The evaluator also handles hash literals with ** splat
(for tag attributes), array literals, interpolated strings,
and function calls (for ViewHelper methods on the context).
Rendering
The renderer walks the AST, appending HTML to a buffer:
private def render_nodes(nodes, buf, ctx, partial_renderer)
i = 0
while i < nodes.length
node = nodes[i]
case node[:type]
when :doctype then buf << "<!DOCTYPE html>\n"
when :comment then nil
when :text then buf << Expr.interpolate(node[:text], ctx) << "\n"
when :output
buf << escape_val(Expr.eval_string(node[:expr], ctx)) << "\n"
when :raw_output
buf << Expr.eval_string(node[:expr], ctx).to_s << "\n"
when :render
buf << render_partial_call(node[:expr], ctx, partial_renderer)
when :tag
render_tag(node, buf, ctx, partial_renderer)
when :filter
render_filter(node, buf, ctx)
when :if
chain = [node]
while i + 1 < nodes.length &&
(nodes[i + 1][:type] == :elsif || nodes[i + 1][:type] == :else)
i += 1
chain << nodes[i]
end
render_conditional(chain, buf, ctx, partial_renderer)
when :each
render_each(node, buf, ctx, partial_renderer)
end
i += 1
end
end
= expr always HTML-escapes. != expr outputs raw.
Handlers pre-escape anything that needs !=.

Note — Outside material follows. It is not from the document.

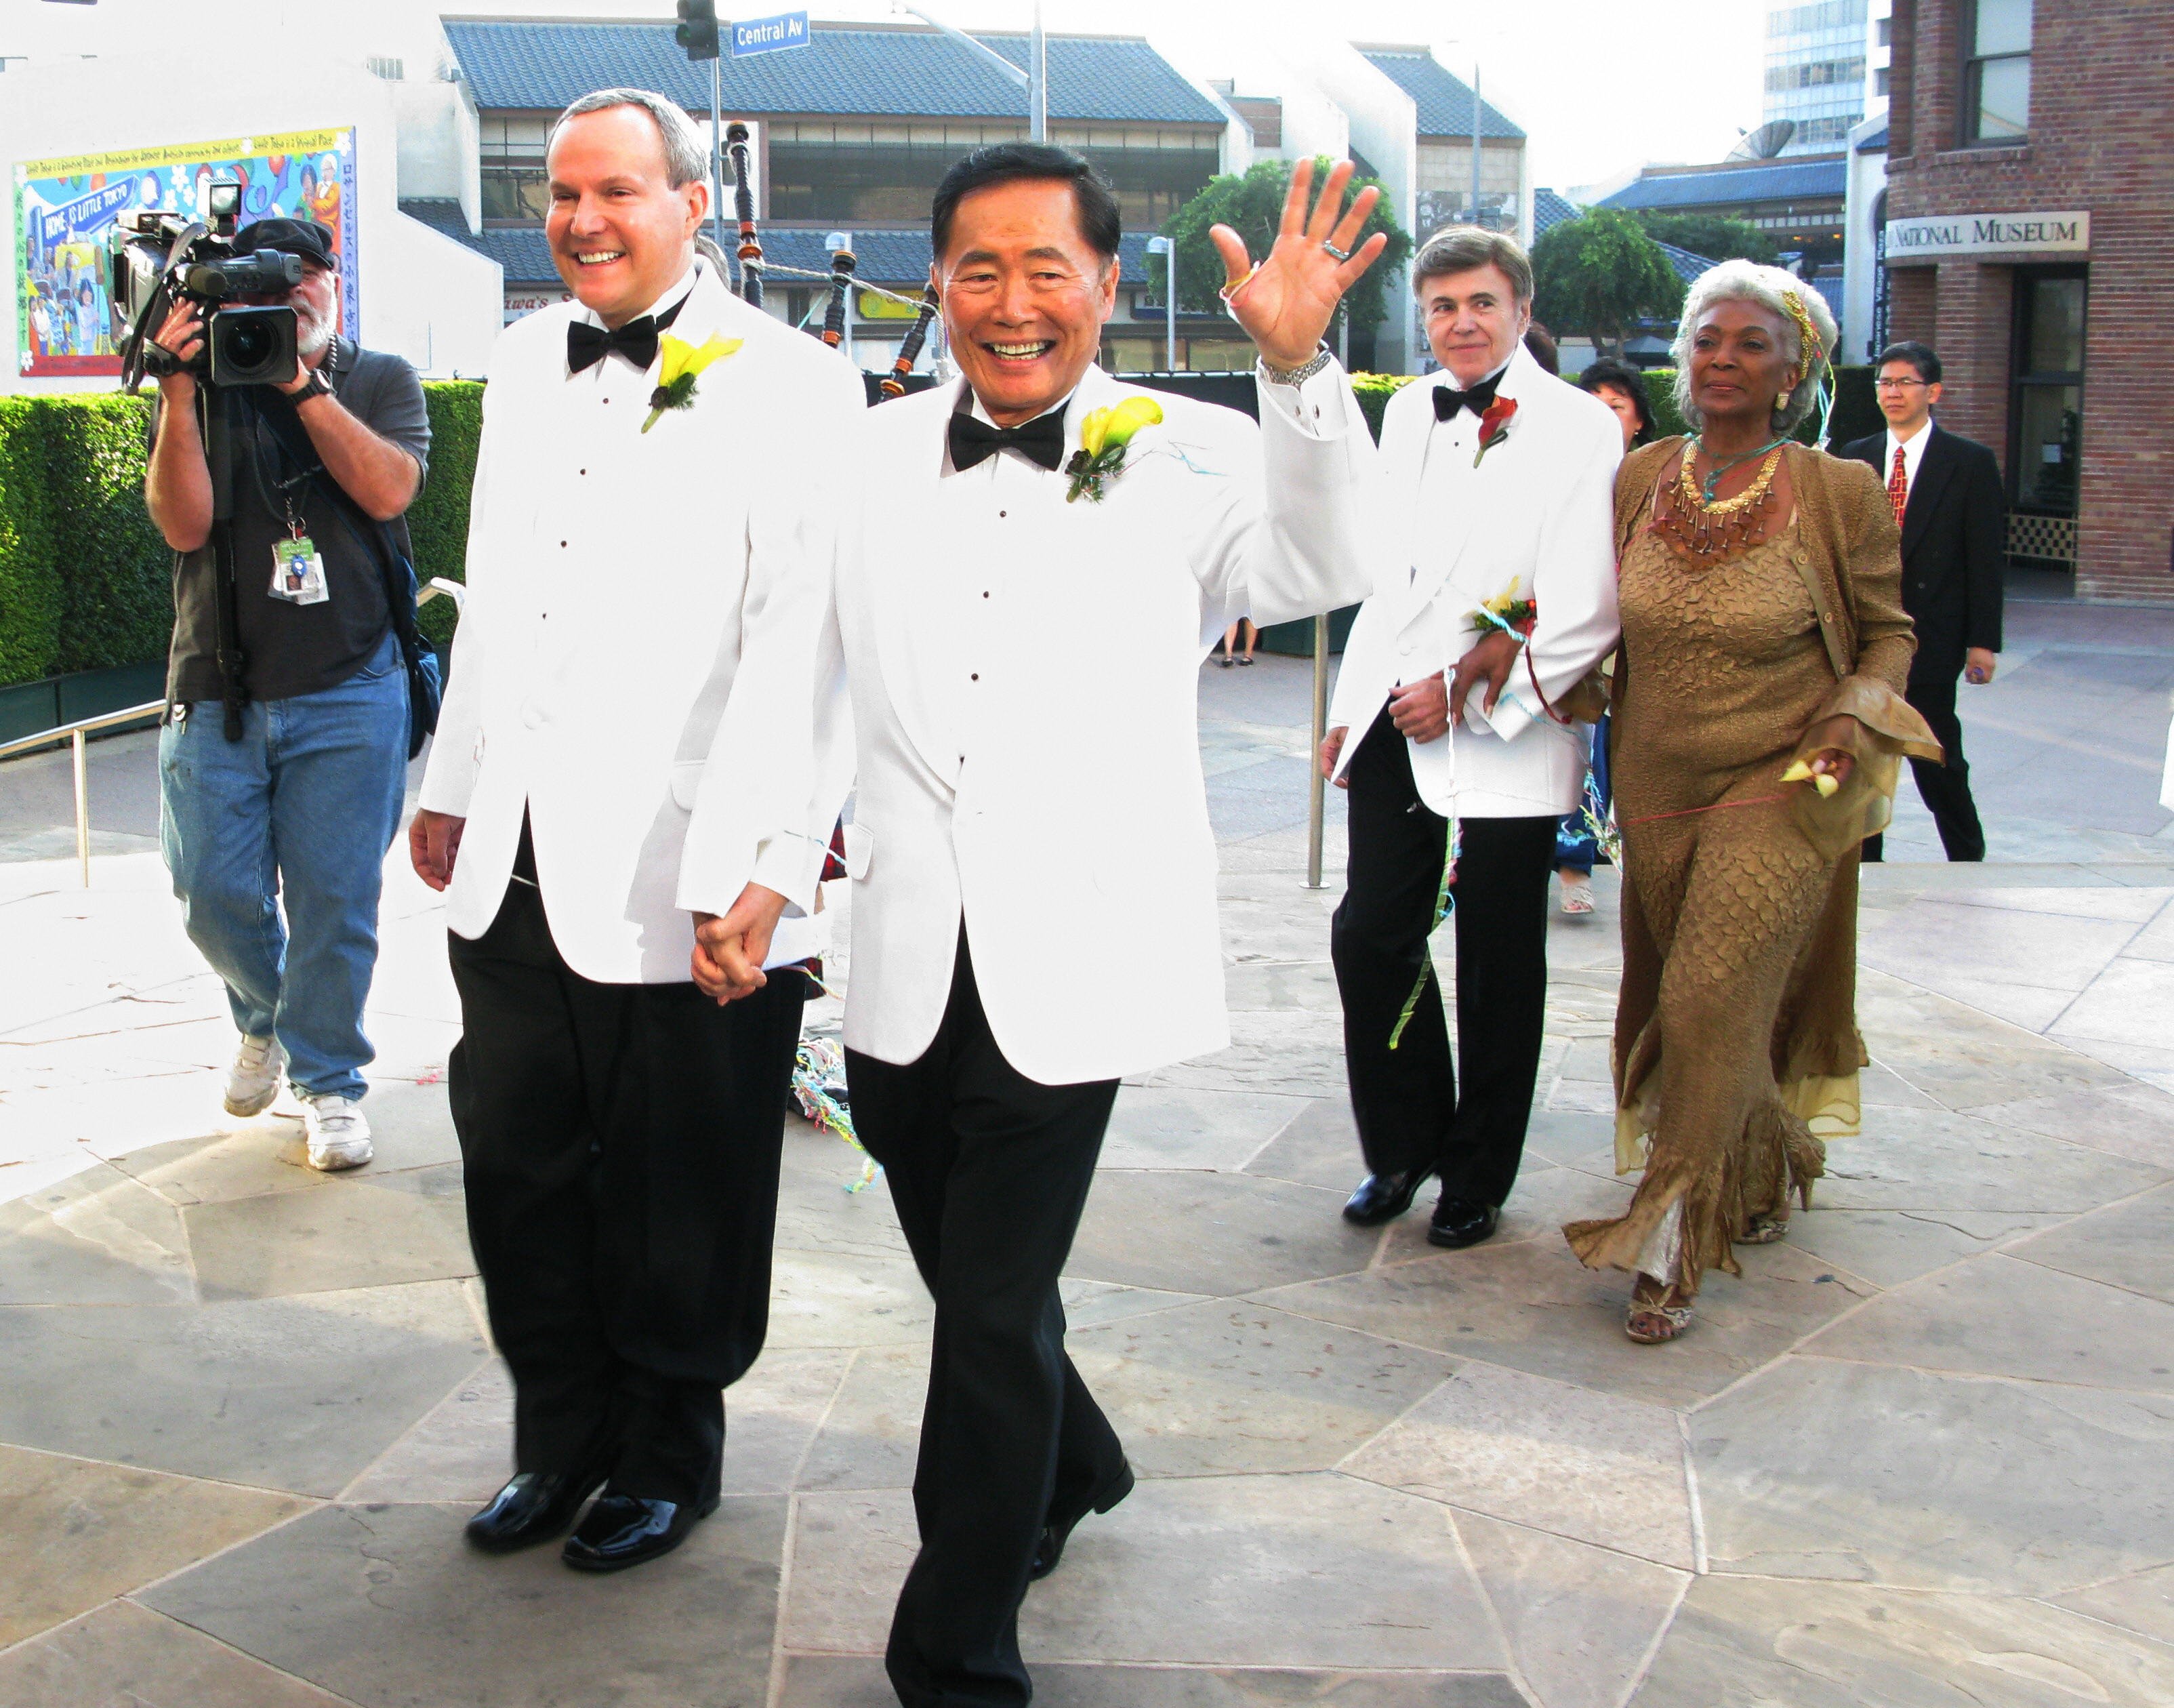 George Takei and Brad Altman with Walter Koenig and Nichelle Nichols at their wedding at the Japanese American National Museum on September 14, 2008 | Source: Getty Images

Tags emit opening and closing HTML with escaped attributes:
private def render_tag(node, buf, ctx, partial_renderer)
tag = node[:tag]
attrs = build_attrs(node, ctx)
attr_str = attrs.map { |k, v|
if v == true
" #{k}"
else
" #{k}=\"#{CGI.escapeHTML(v.to_s)}\""
end
}.join
if VOID_ELEMENTS.include?(tag)
buf << "<#{tag}#{attr_str}>\n"
return
end
if node[:children] != []
buf << "<#{tag}#{attr_str}>\n"
render_nodes(node[:children], buf, ctx, partial_renderer)
buf << "</#{tag}>\n"
else
buf << "<#{tag}#{attr_str}></#{tag}>\n"
end
end
Context
Templates receive data through a context object. Locals become singleton methods:
private def make_context(locals, context: nil)
env = context || Object.new
locals.each do |k, v|
env.define_singleton_method(k) { v }
end
env
end
Loop variables clone the context to avoid mutating the parent binding:
private def clone_context(ctx, name, value)
child = ctx.clone
child.define_singleton_method(name.to_sym) { value }
child
end
Without cloning, - items.each do |data| would overwrite
the parent data local for the rest of the template.
The renderer IS the linter
Before the custom renderer, a regex-based linter scanned templates for banned constructs. It was incomplete: regexes can't parse nested expressions, and every new violation pattern needed a new rule.
The custom renderer replaced the linter.
Templates are parsed at boot by cache_all.
A template with a construct outside the subset
crashes the process before it serves a request.
If it parses, it's in the subset. If it's not in the subset, it doesn't parse.